Durant les quatre dernières années (1992-1997), le secteur géographique constitué de l'est du Canada a réalisé un bénéfice d'exploitation total (bénéfice net avant intérêts, impôts et éléments extraordinaires) de 369$ millions U.S., dont les meilleurs résultats en 1997, soit 119$ millions U.S. Pour cette période, 35% du bénéfice d'exploitation total de la firme est provenu principalement de ses opérations canadiennes.

5.4 DIVIDENDES ;

Comme les autres multinationales Shell et Esso, Ultramar Diamond Shamrock verse une part importante de ses profits en dividendes, ce qui l'oblige à emprunter davantage pour financer ses acquisitions récentes, entre autres celles de National Convenience en 1995 au coût de 280$ millions U.S. (661 points de vente) et de Total en 1997 au coût de 852$ millions U.S. (2000 stations), deux compagnies américaines.
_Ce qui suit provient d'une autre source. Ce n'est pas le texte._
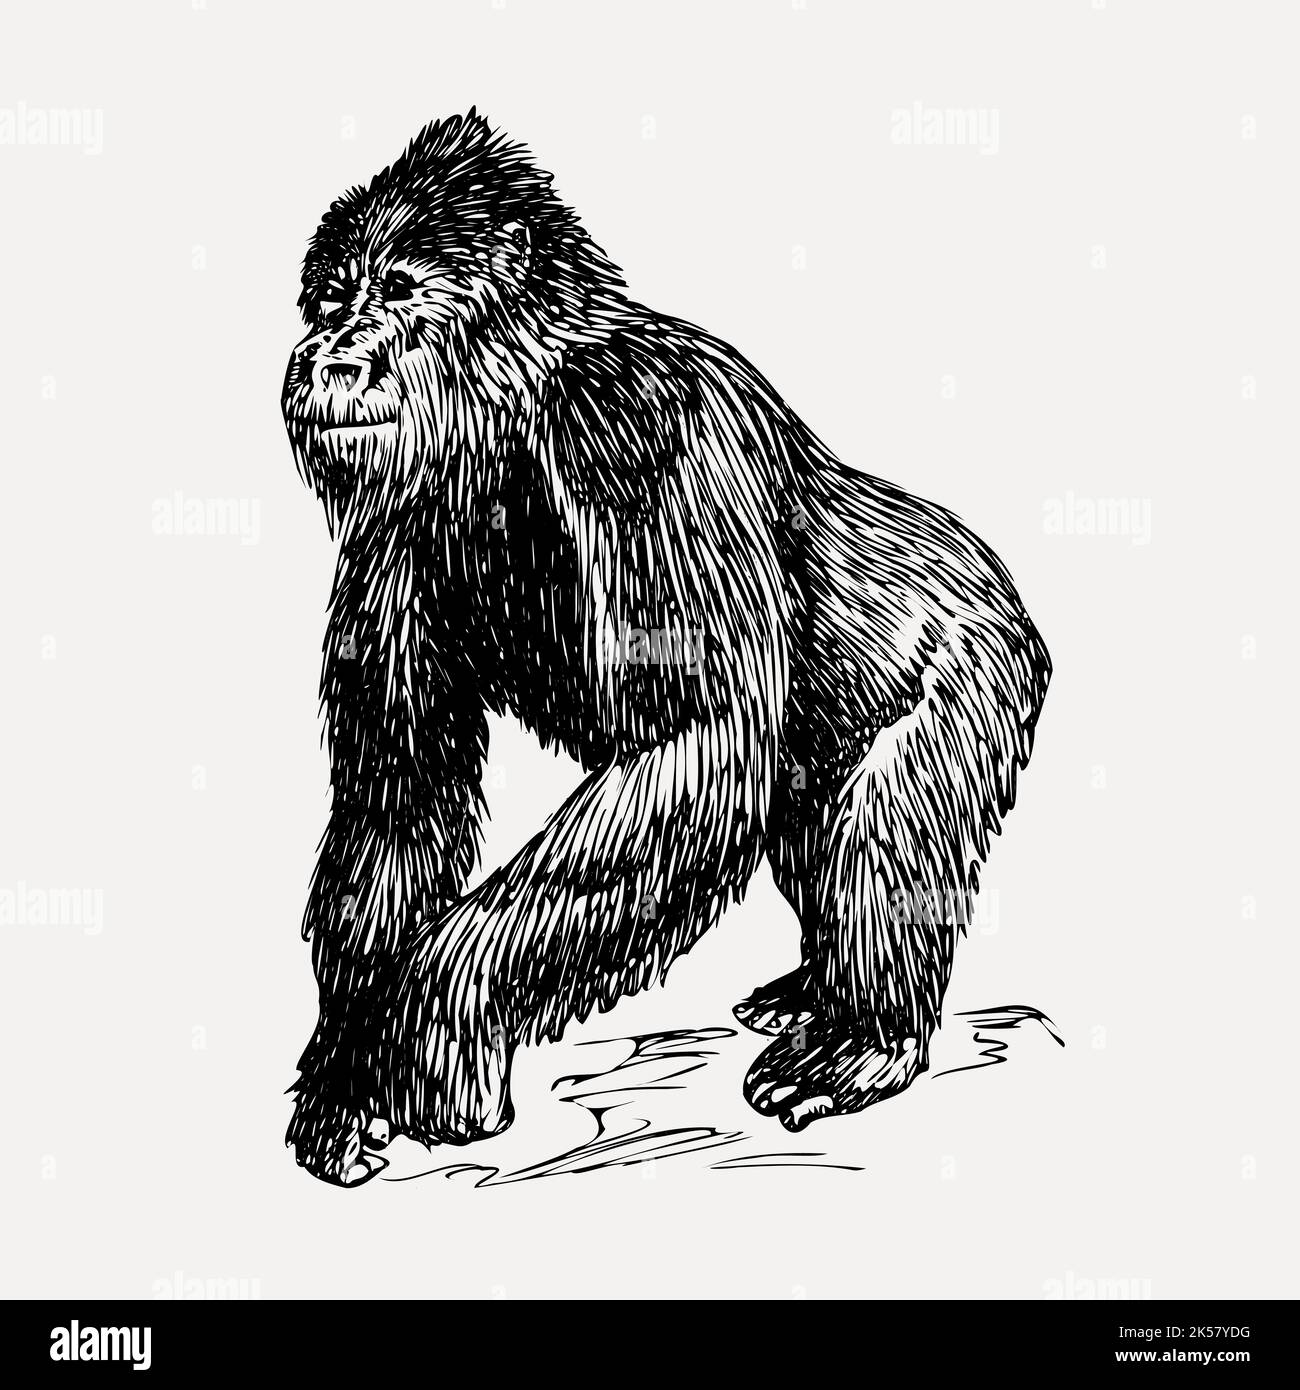 gorilla, gorilla vevtor, vintage wildlife illustration, wildlife vintage, gorilla drawing, animals, antique, art, artwork, black and white, bw, Stock Vector

En effet, au cours des six dernières années (1992-1997), UDS a versé 70% de ses profits en dividendes, soit 380$ millions U.S. sur des bénéfices nets de 543$ millions U.S. Encore une fois, nous constatons que l'argent réalisé par UDS dans l'est du Canada, principalement au Québec, sort du pays et de la province pour payer des dividendes aux actionnaires étrangers et pour financer en partie l'expansion de la firme aux États-Unis qui se fait par voie d'acquisitions.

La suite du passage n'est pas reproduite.